Problem details -> What you submit must be an exact copy of the listing below, with no images in it.

Input data ->
------------------------------------------------------------------------

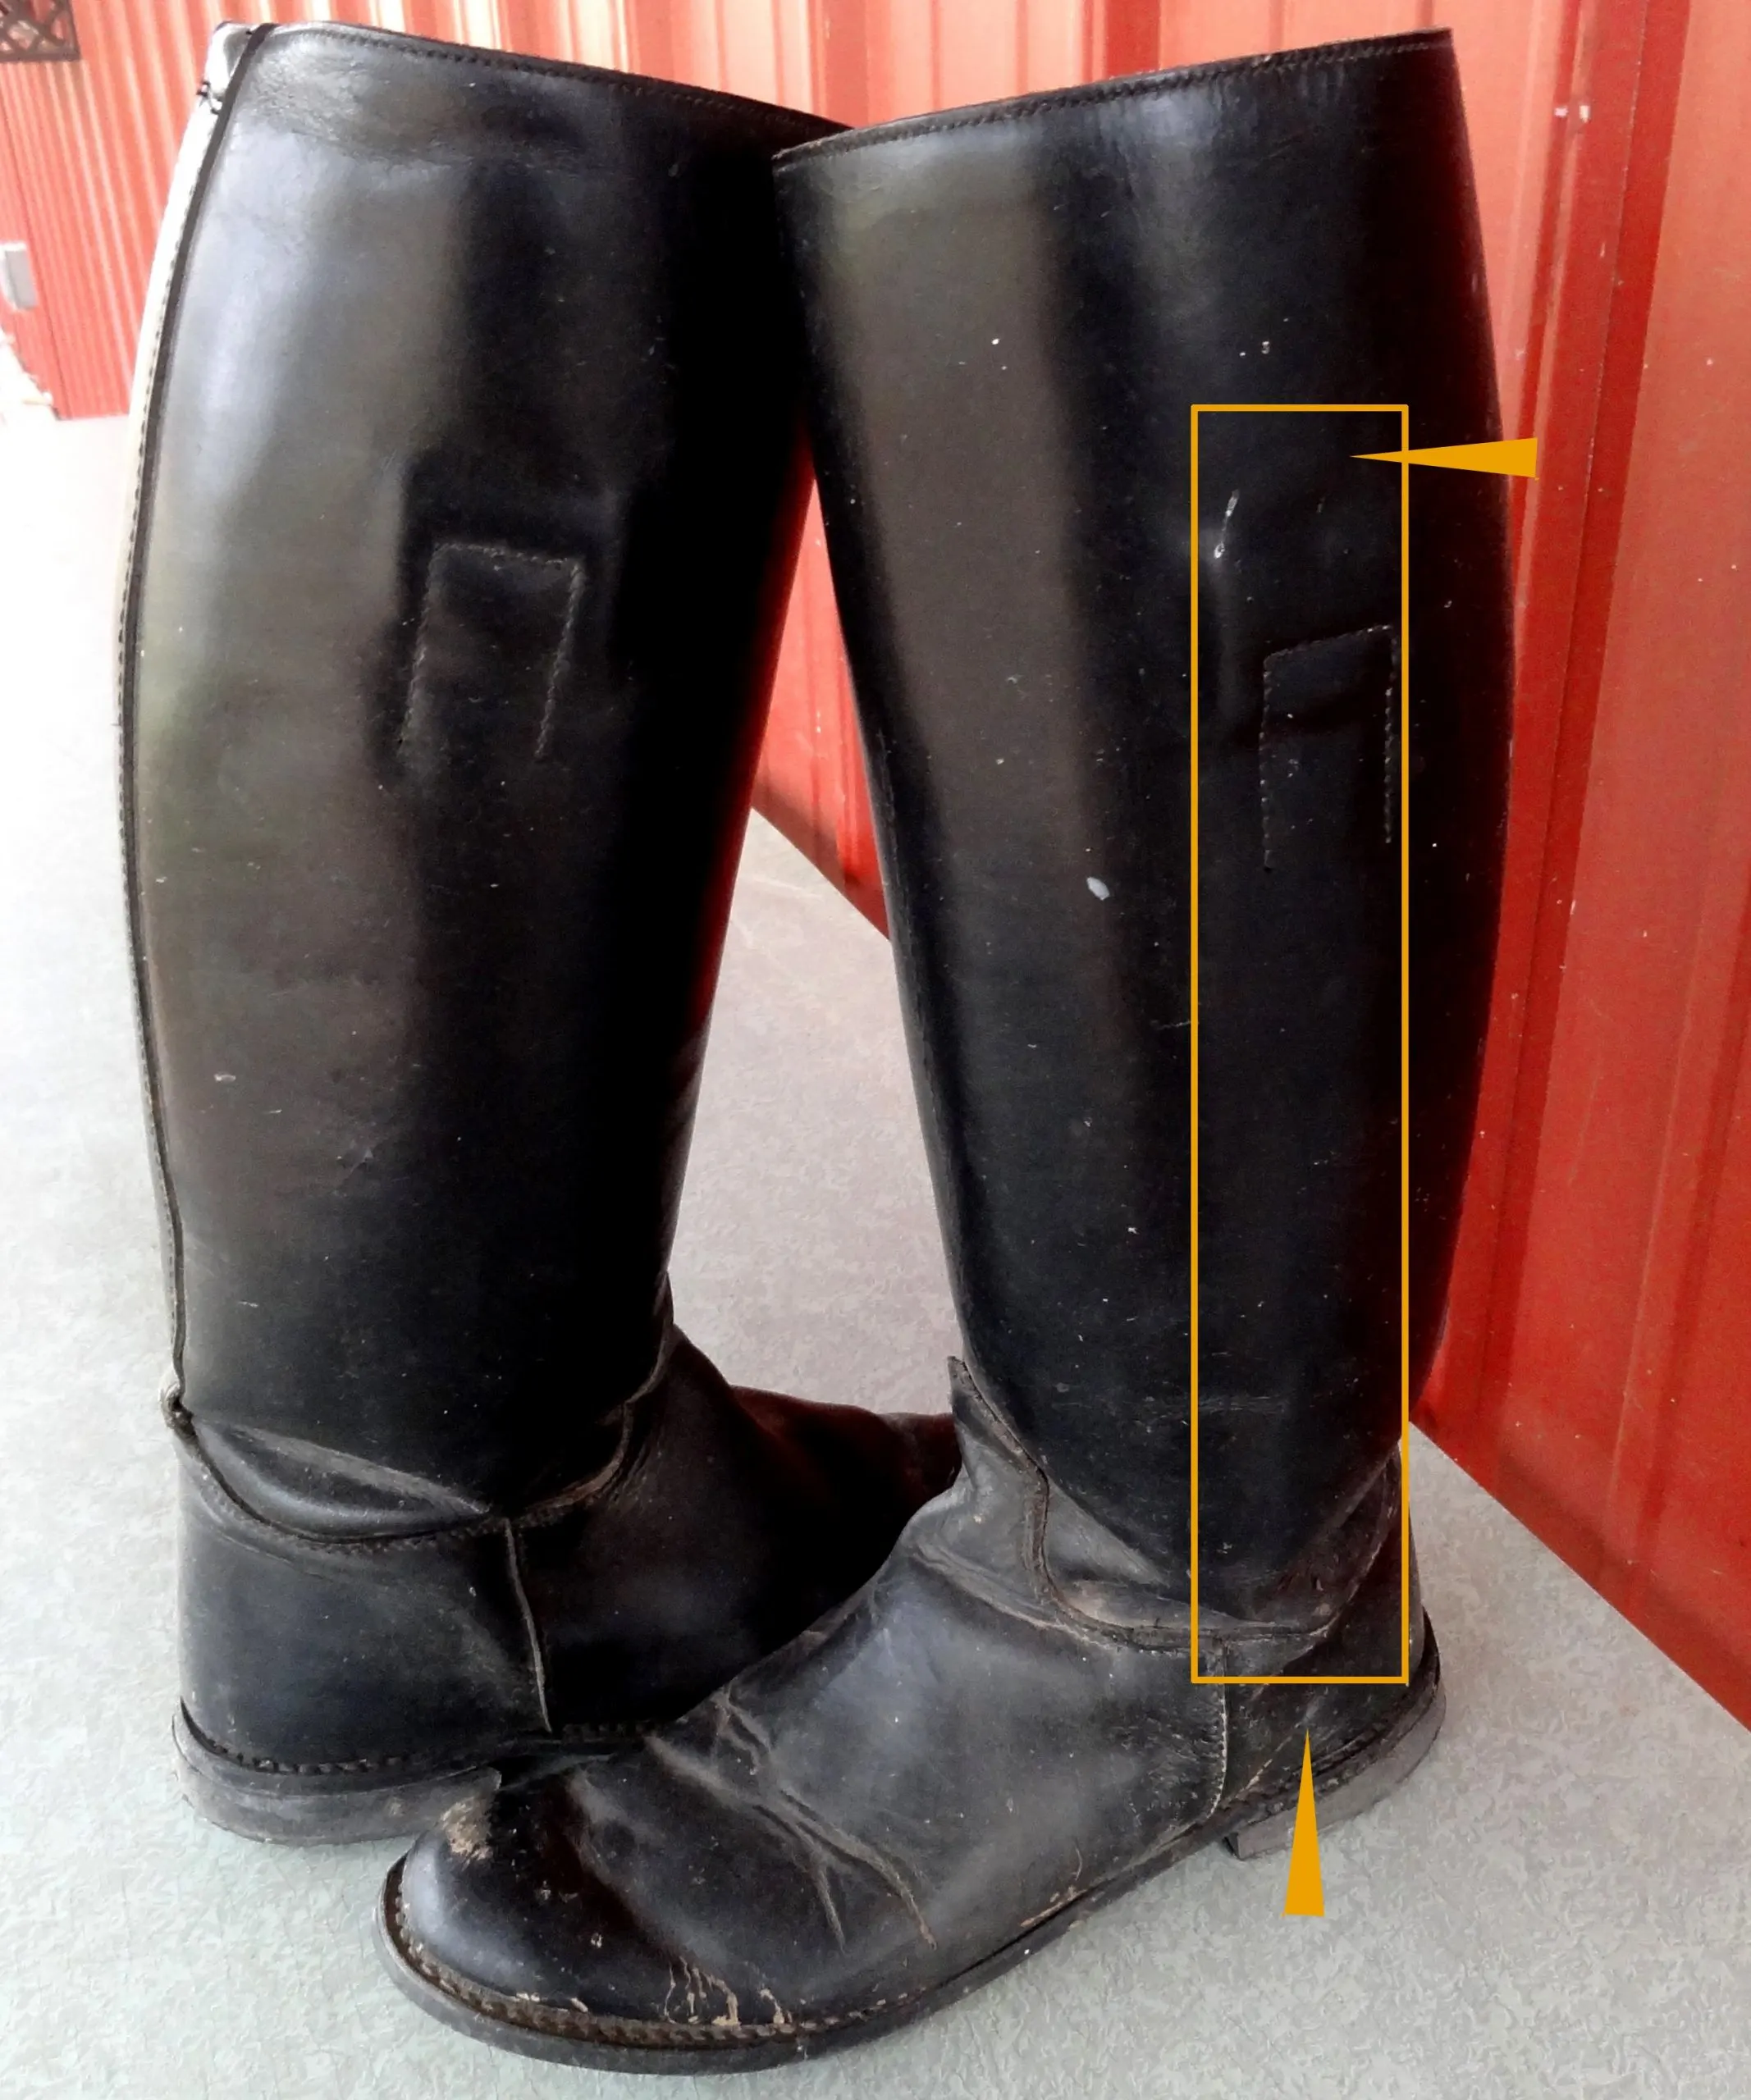 A photo of boots showing where they are braced.
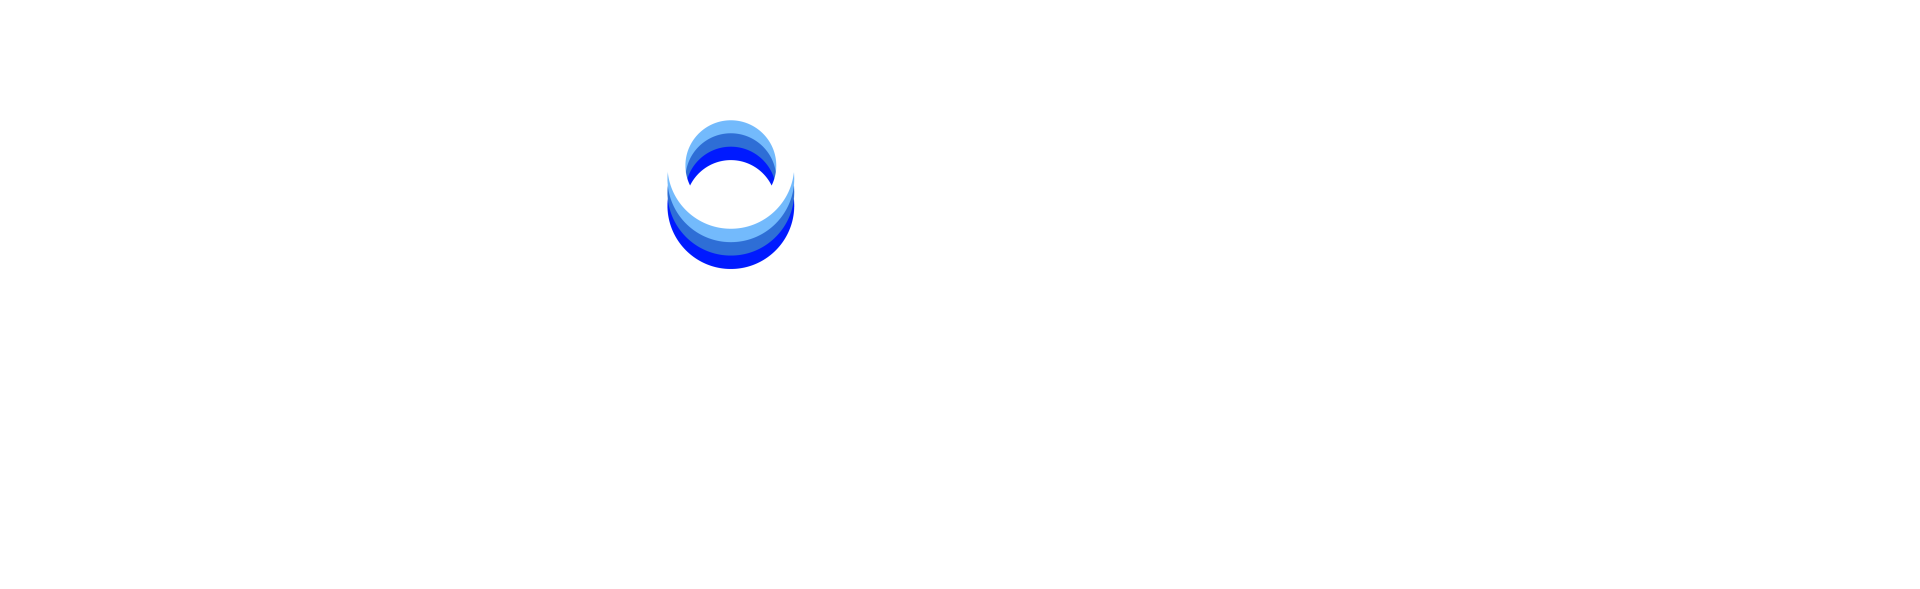 Luno Presents All Points East
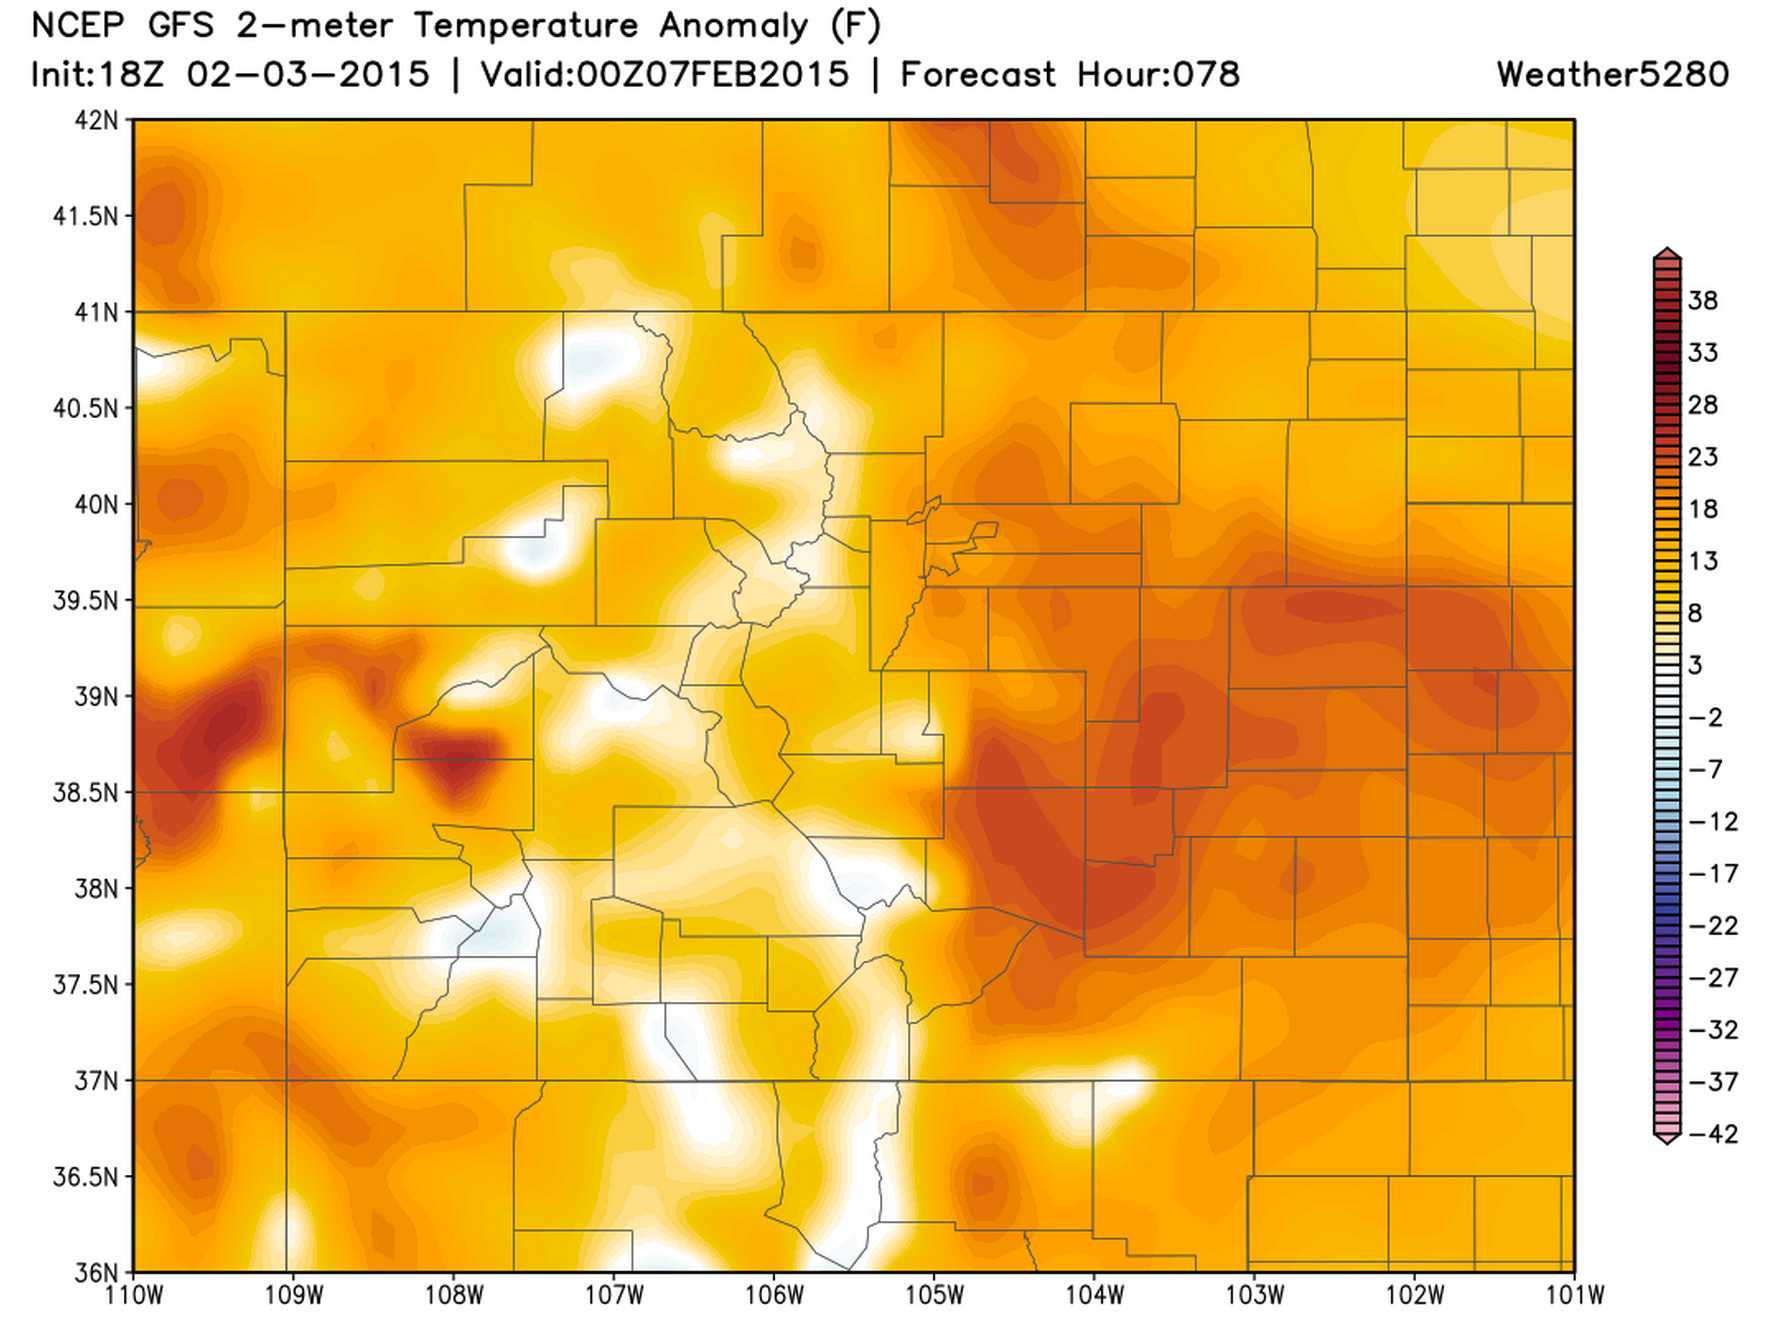 GFS temperature anomaly forecast | Weather5280 Models
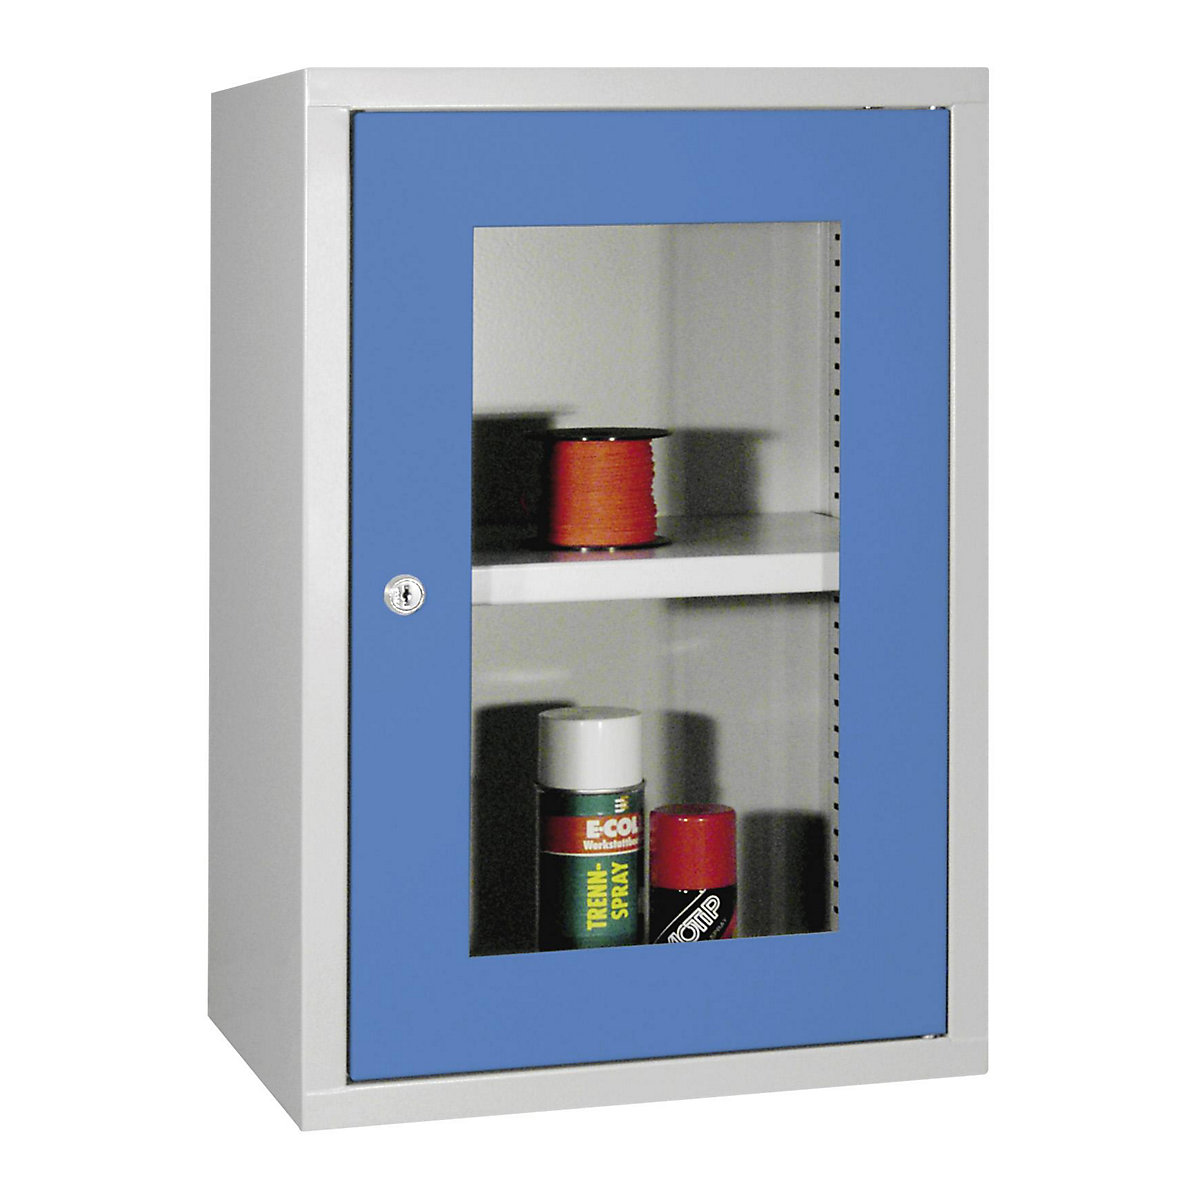 Wall mounted cupboard, height 600 mm – Pavoy, with vision panel door/s, width 400 mm, solid rear panel, grey / blue-7

------------------------------------------------------------------------

Expected answer ->
 A photo of boots showing where they are braced.
 Luno Presents All Points East
 GFS temperature anomaly forecast | Weather5280 Models
 Wall mounted cupboard, height 600 mm – Pavoy, with vision panel door/s, width 400 mm, solid rear panel, grey / blue-7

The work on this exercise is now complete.